The day before the Emperor Napoleon left Paris for the campaign of Waterloo, Hortense carried her boys to the Tuileries to take leave of him. Little Louis Napoleon contrived to run alone to his uncle’s cabinet, where he was closeted with Marshal Soult. As soon as the boy saw the emotion in the emperor’s face, he ran up to him, and burying his head in his lap, sobbed out: “Our governess says you are going to the wars,—don’t go; don’t go, Uncle.” “And why not, Louis? I shall soon come back.” “Oh, Uncle, those wicked allies will kill you! Let me go with you.” The emperor took the boy upon his knee and kissed him. Then, turning to Soult, who was moved by the little scene, he said, “Here, Marshal, kiss him; he will have a tender heart and a lofty spirit; he is perhaps the hope of my race.”

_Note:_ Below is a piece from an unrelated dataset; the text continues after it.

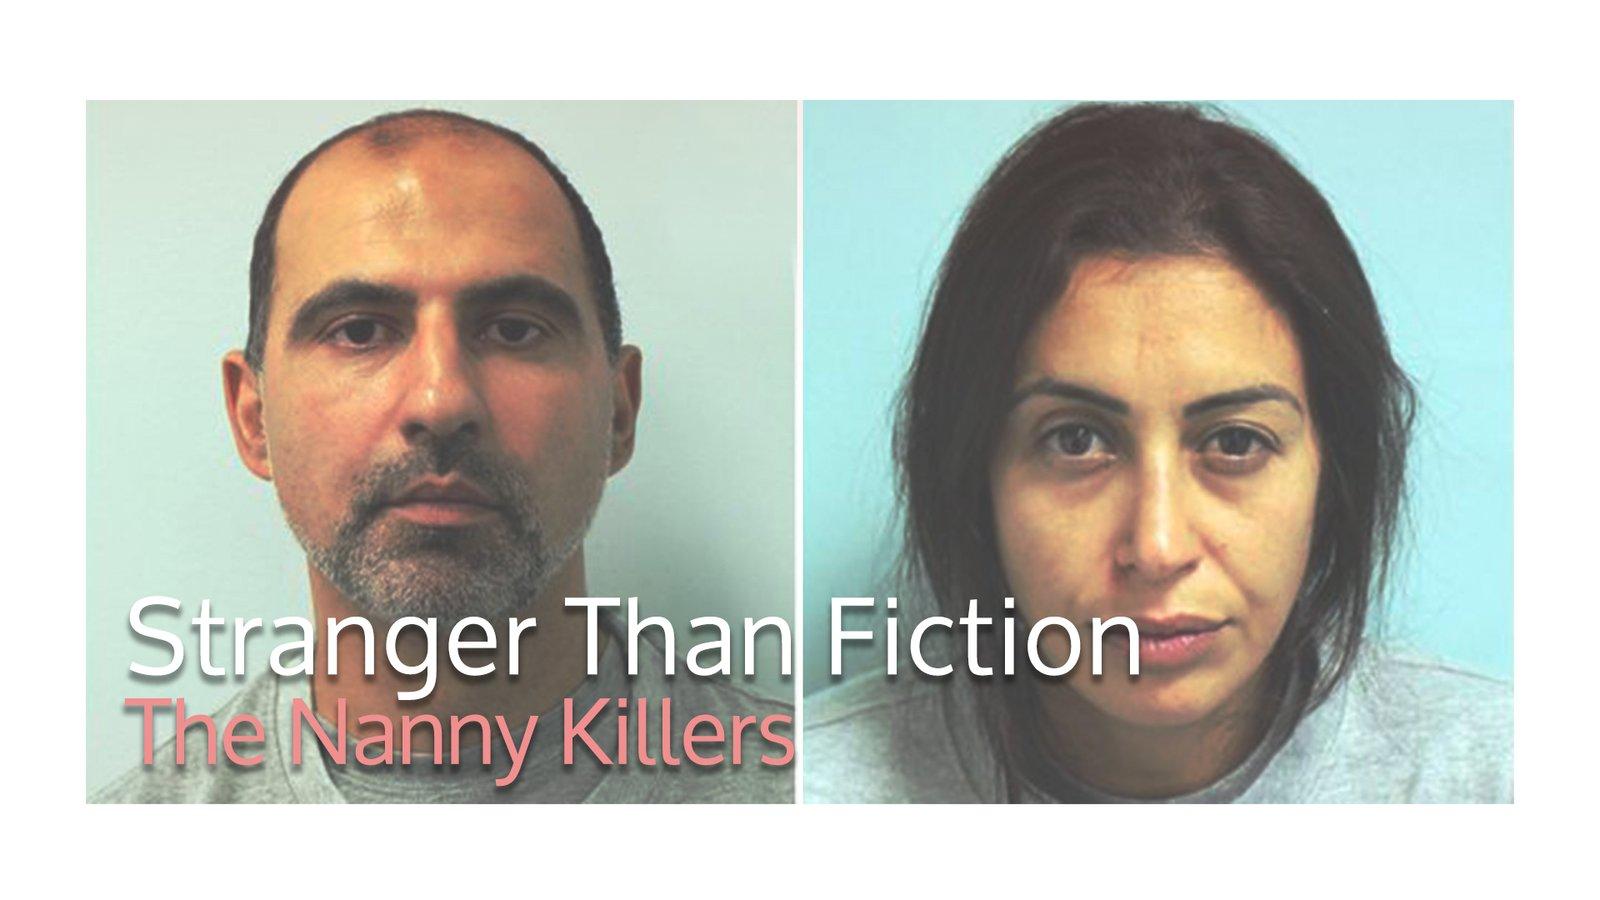 Stranger than Fiction: The Nanny Killer - N.A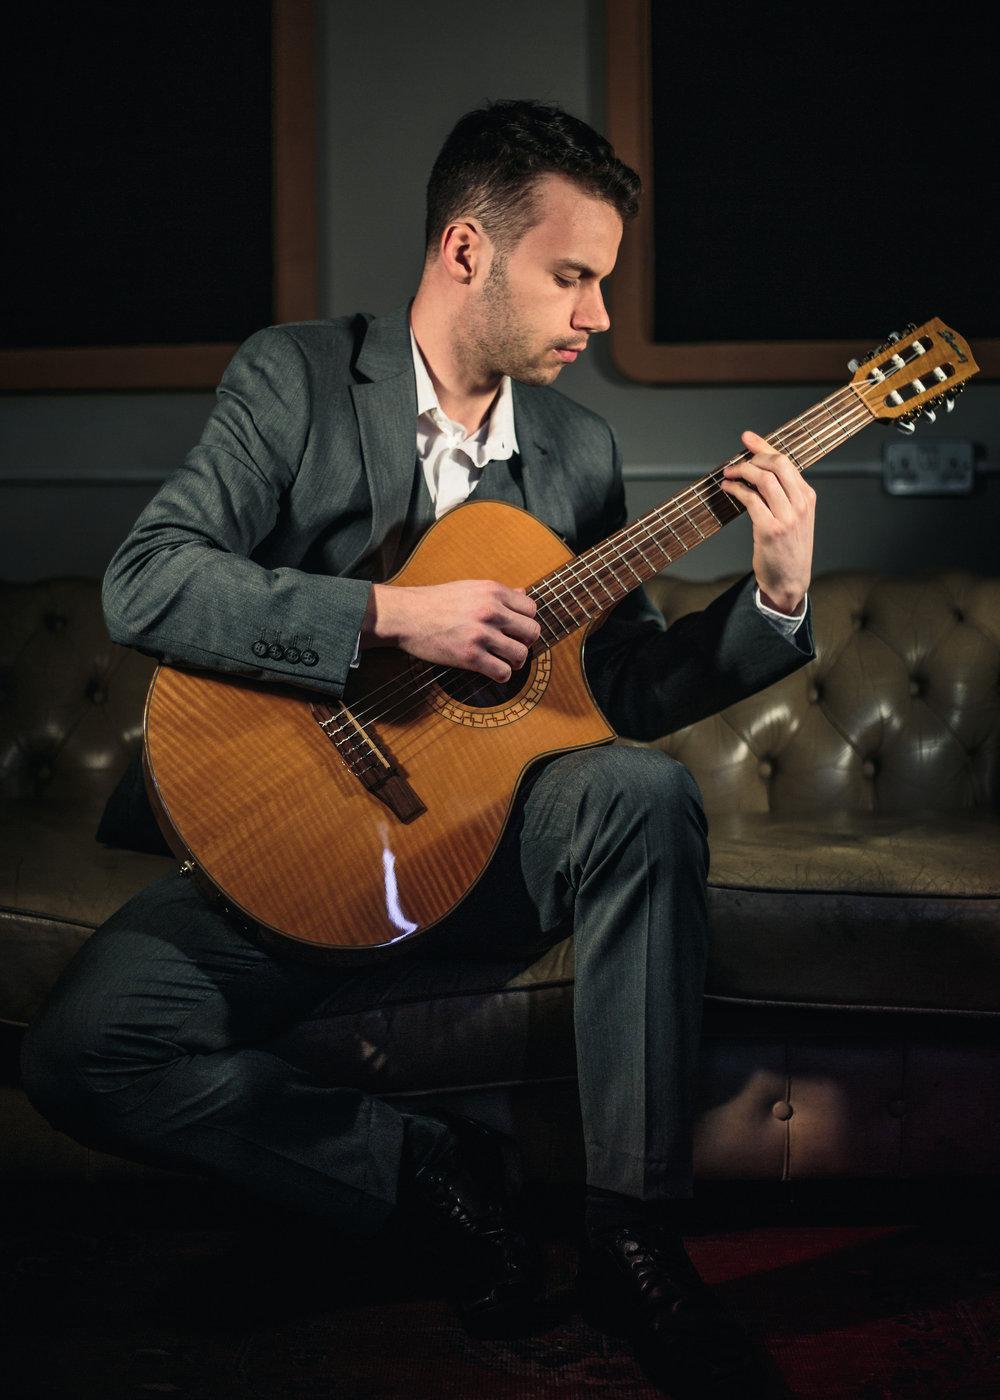 J. Charles Guitar

After Waterloo, the emperor, who passed one night in Paris, kissed the children at the last moment, with his foot upon the step of the carriage that was to carry him the first stage of his journey to St. Helena.
After this, Hortense and her boys were not allowed to live in France. Protected by an aide-de-camp of Prince Schwartzenberg, they reached Lake Constance, on the farthest limits of Switzerland. There, after a while, Queen Hortense converted a gloomy old country seat into a refined and beautiful home. A great trial, however, awaited her. King Louis demanded the custody of their eldest son, and little Napoleon was taken from his mother, leaving her only Louis. Louis had always been a “mother’s boy,” frail in health, thoughtful, grave, loving, and full of sentiment.
Hortense’s life at Arenenberg was varied in the winter by visits to Rome. Her husband lived in Florence, and they corresponded about their boys. But though they met once again in after years, they were husband and wife no more. Indeed, charming as Hortense was to all the circle that surrounded her, tender as a mother, and devoted as a friend, her conduct as a wife was not free from reproach. She was a coquette by nature, and it is undeniable that more than one man claimed to have been her lover.
After a while her son Louis went for four years to college at Heidelberg. Mother and son never forget the possibilities that might lie before them. When the Italian revolution broke out, in 1832, Hortense went to Rome, both her sons being at that time in Florence with their father. Although the elder was newly married to his cousin, the daughter of King Joseph, both he and Louis were full of restlessness, and caught the revolutionary fervor. They contrived to escape from their father’s house and to join the insurgents, to the great displeasure of both father and mother; but they were fired by enthusiasm for Italian liberty, and took the oaths as Carbonari.